Hillary Clinton aurait dû commencer à s'inquiéter lorsqu'en février 2007, à un an des primaires en Californie, Barack Obama recueillait 1,3 M$ en une seule soirée à Hollywood !

L'argent a toujours été un signe avant coureur de la montée en puissance de B. Obama. Il a été, d'un bout à l'autre de la campagne, mieux financé que ses adversaires, ce qui lui a permis de jouer avec eux au jeu des Horaces et des Curiaces, en les obligeant à disperser leur forces. Hillary Clinton a terminé sa campagne ruinée (métaphoriquement) après avoir essayé de contrebalancer les achats d'espaces publicitaires de la campagne Obama. Lorsque que s'est ouverte la bataille pour l'élection générale en juin 2008, la campagne d'Obama a lancé un "blitz" publicitaire dans 18 États, dont certains n'étaient pas considérés comme des champs de bataille. En Virginie, elle a mobilisé quatre fois plus d'argent que la campagne McCain, en Caroline du Nord huit fois plus.
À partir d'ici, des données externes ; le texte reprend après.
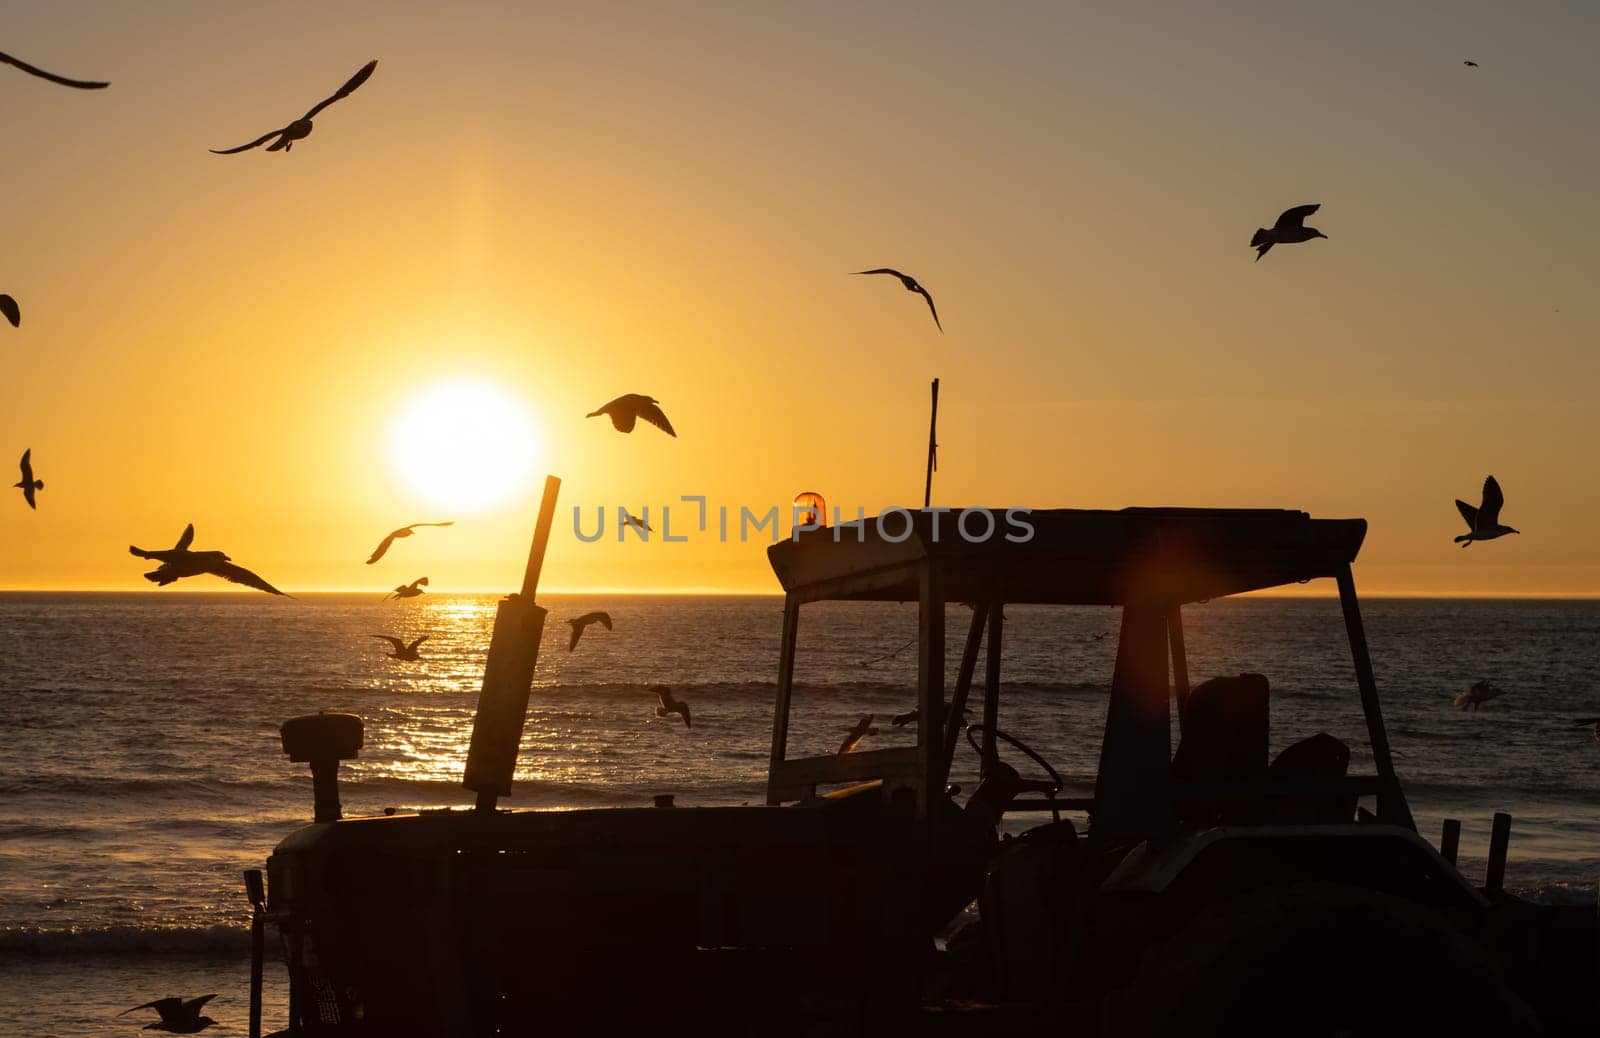 Seagulls fly over the sea at sunset - a tractor that helps in fishing stands on the shore by Studia72

Mais, comme on dit aux États-Unis, "l'argent parle" et il a été le reflet du potentiel que représentait le candidat démocrate. S'il fallait isoler l'une des qualités qui ont porté B. Obama dans cette campagne, ce serait sans doute l'optimisme. Un sondage réalisé à la mi-octobre pour ABC News donnait un quotient d'optimisme de 2 contre 1 à la candidature Obama contre la candidature McCain. On retrouve la même proportion dans l'enthousiasme des supporters des uns et des autres: 52 % des électeurs potentiels d'Obama se disent enthousiasmés par leur candidat, contre 26% de ceux favorables à McCain. Au pays de la pensée positive, c'est sans doute le meilleur signe de la réussite d'une campagne.